Suppose some AI risk advocate went forward betting that unfriendly AI is more likely than friendly AI. What incentive would critics have to bet in order not to lose but win money?

At no point would they agree that the prediction has been falsified, because the technological singularity is always near. The next generation of AI might always turn out to be unfriendly.

The prediction is undecidable because those who made the prediction do not anticipate any difference between world states where they are right versus world states where they are wrong. There is no possibility to update on evidence.

Conclusion:

When it comes to policies related to existential risks, the technological singularity or other futuristic and undecidable hypotheticals, the incentive provided by prediction markets, money, is rendered mute.

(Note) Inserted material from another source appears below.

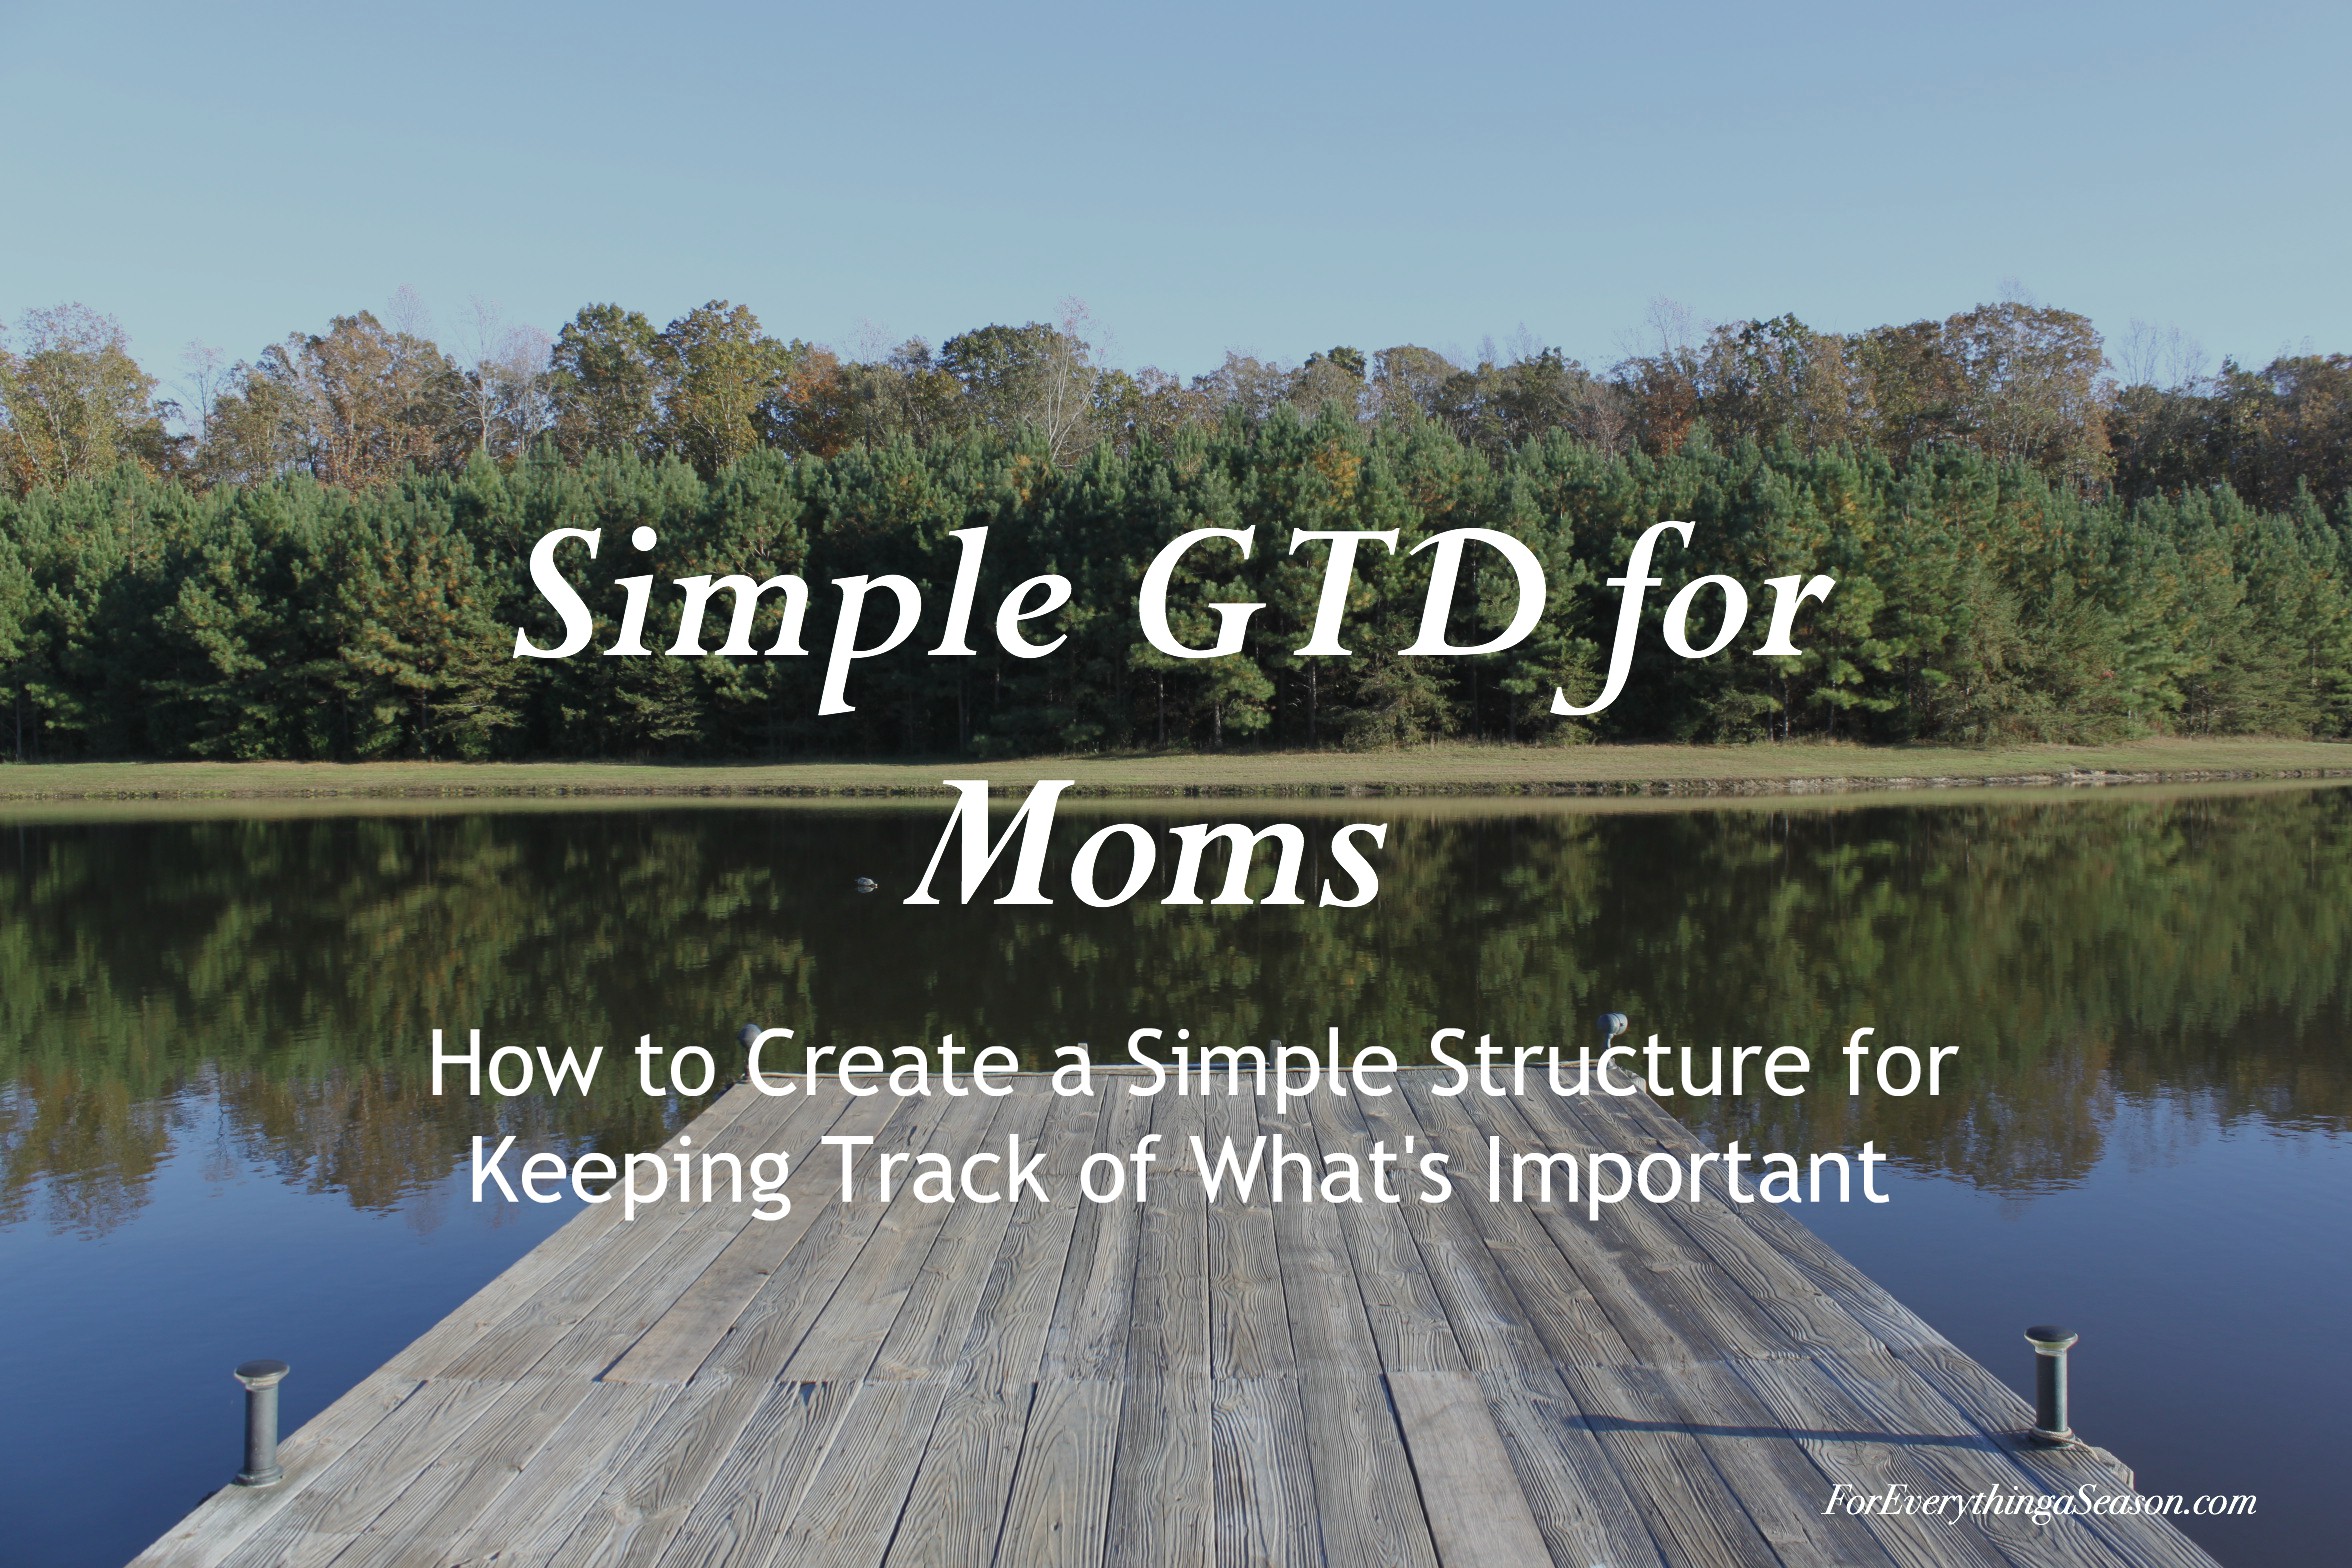 GTD for Moms

Since prediction markets are broken given important issues such as existential risks, it might actually be detrimental to use them. Because not only will such markets turn out to be a huge money sink when it comes to undecidable predictions, such predictions might turn out to be favored by the owners of those markets to be able to handle ever more money without the risk of having to pay someone off.

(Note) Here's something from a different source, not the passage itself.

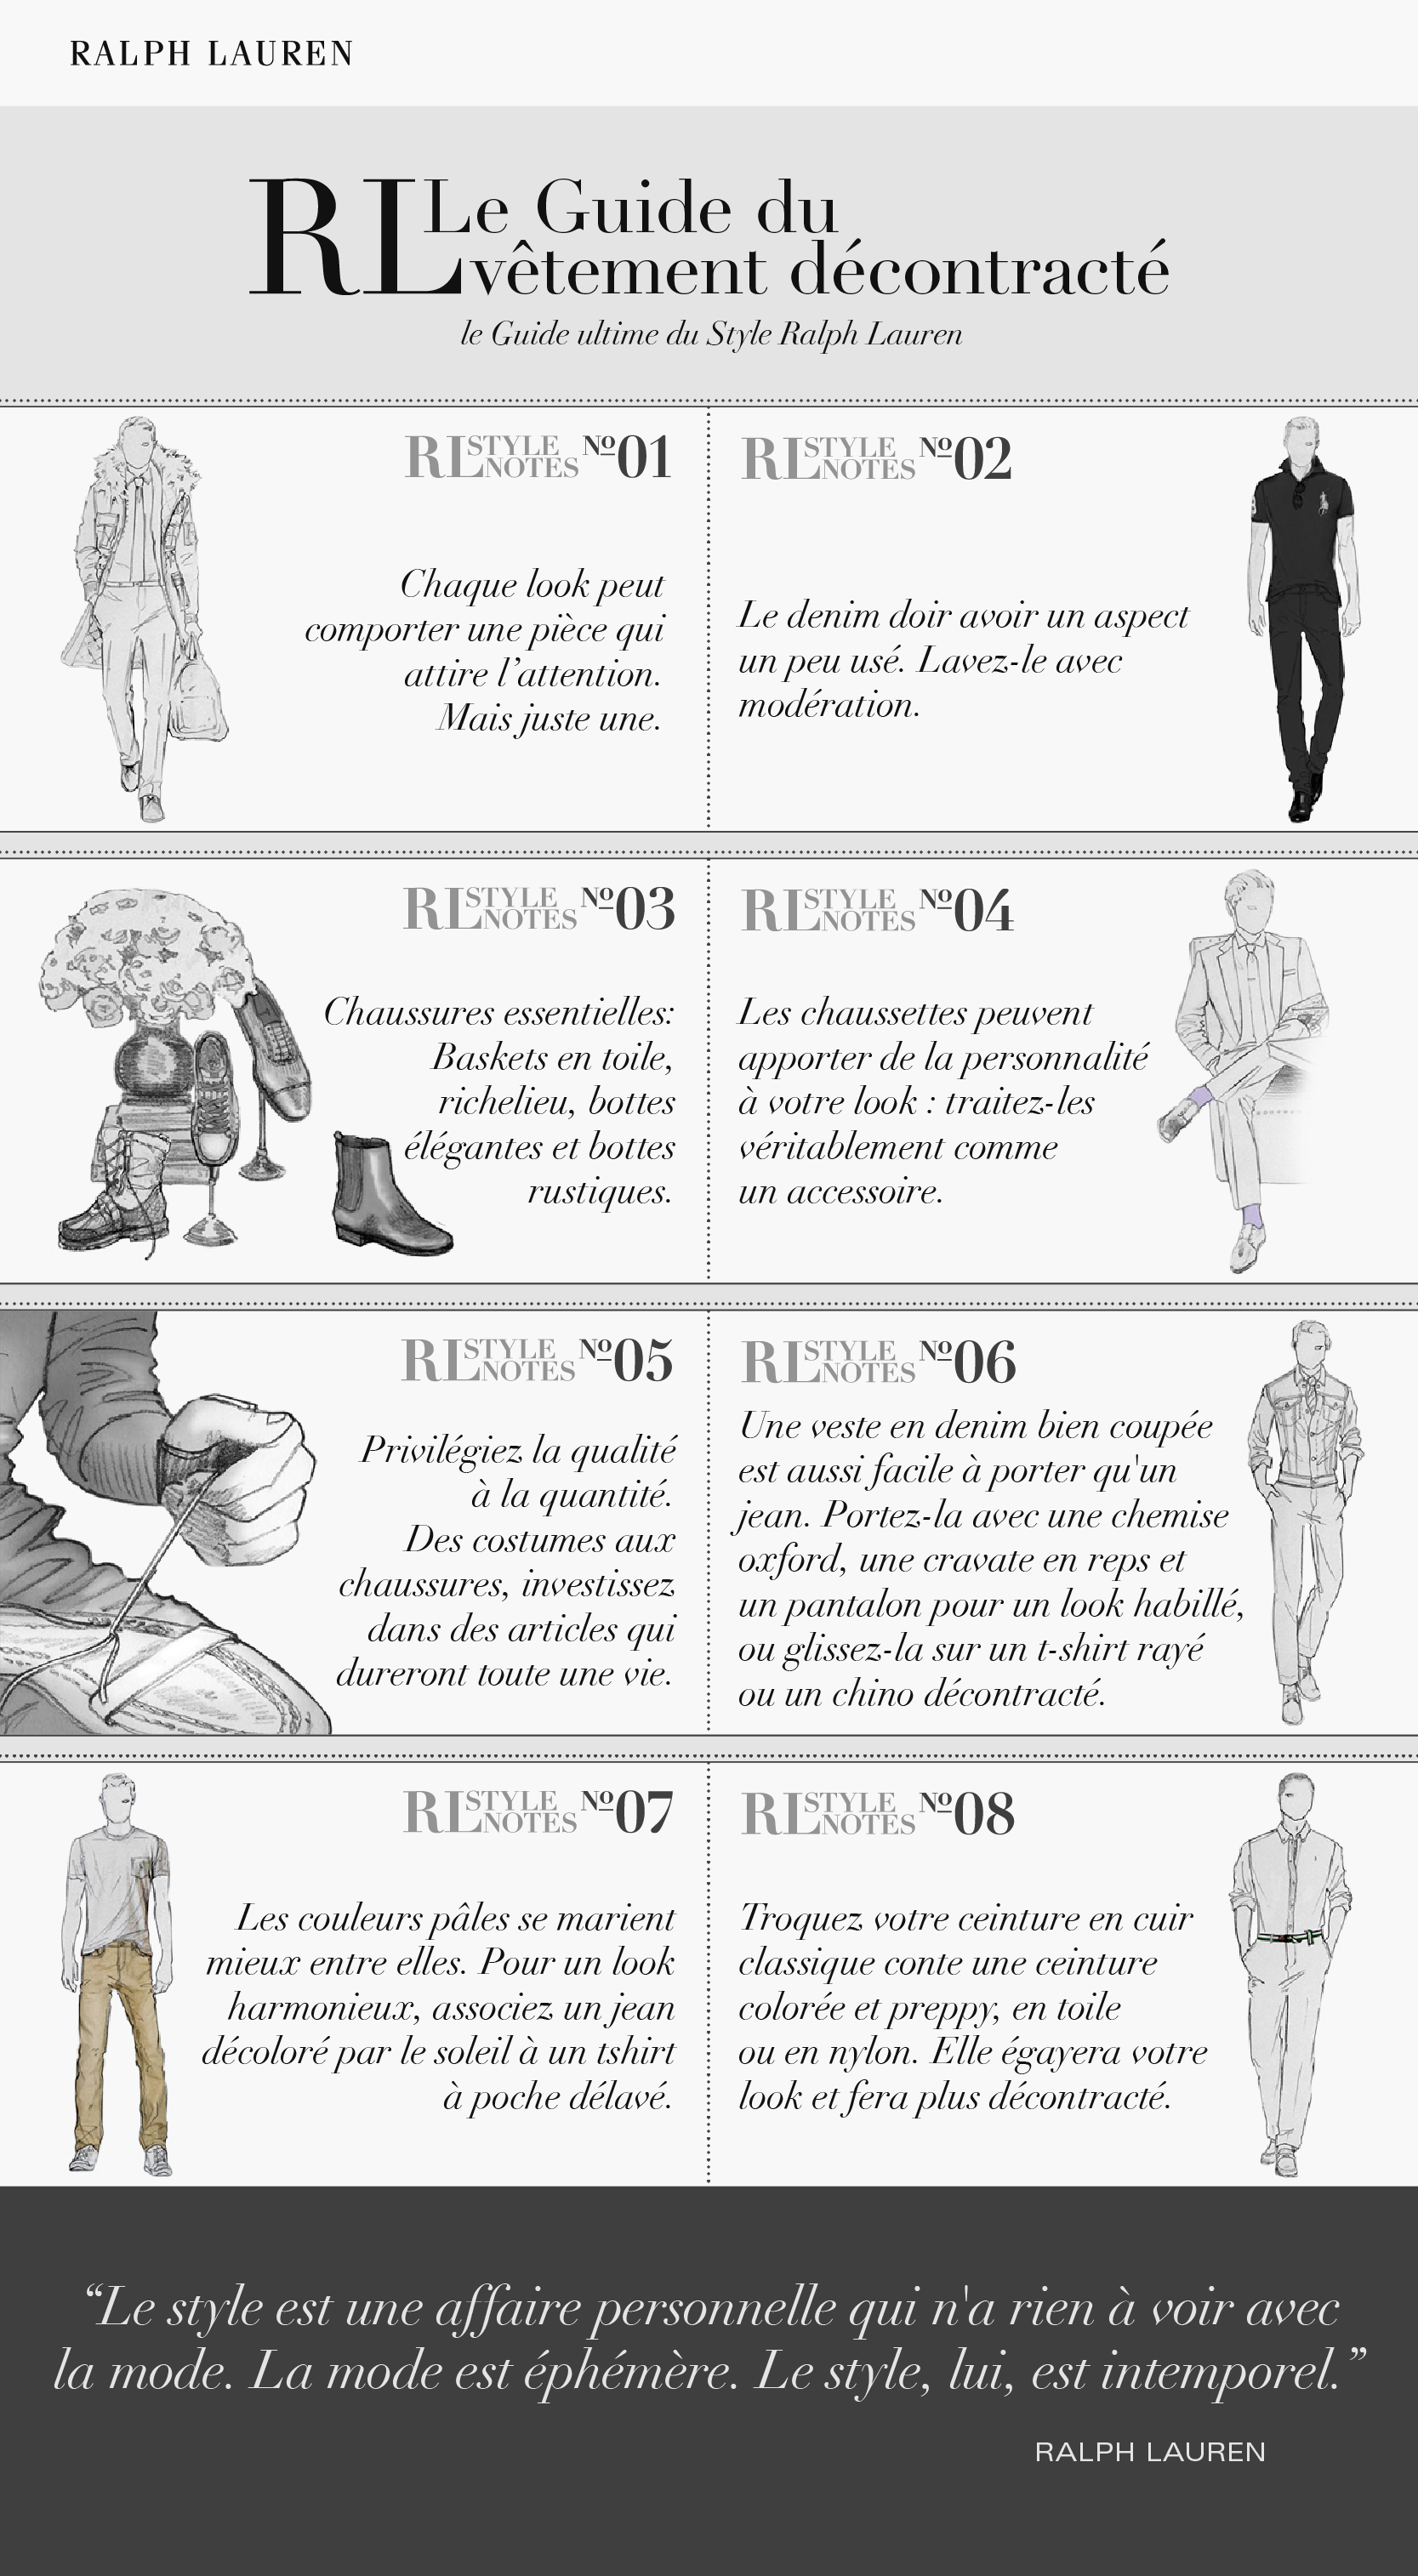 Ralph Lauren Guide du vêtement décontracté - trucsdemec.fr, blog lifestyle masculin, mode homme, beauté homme

Most importantly, rich and possibly biased people and cooperations will manipulate such markets by betting huge amounts of money on undecidable predictions and thereby shifting policies arbitrarily.

Note:

I am not against prediction markets. They are a great idea. I am just pointing out some possible problems and especially caution against making very unspecific far-out predictions without any possibility to update on evidence other than the validation of the prediction itself.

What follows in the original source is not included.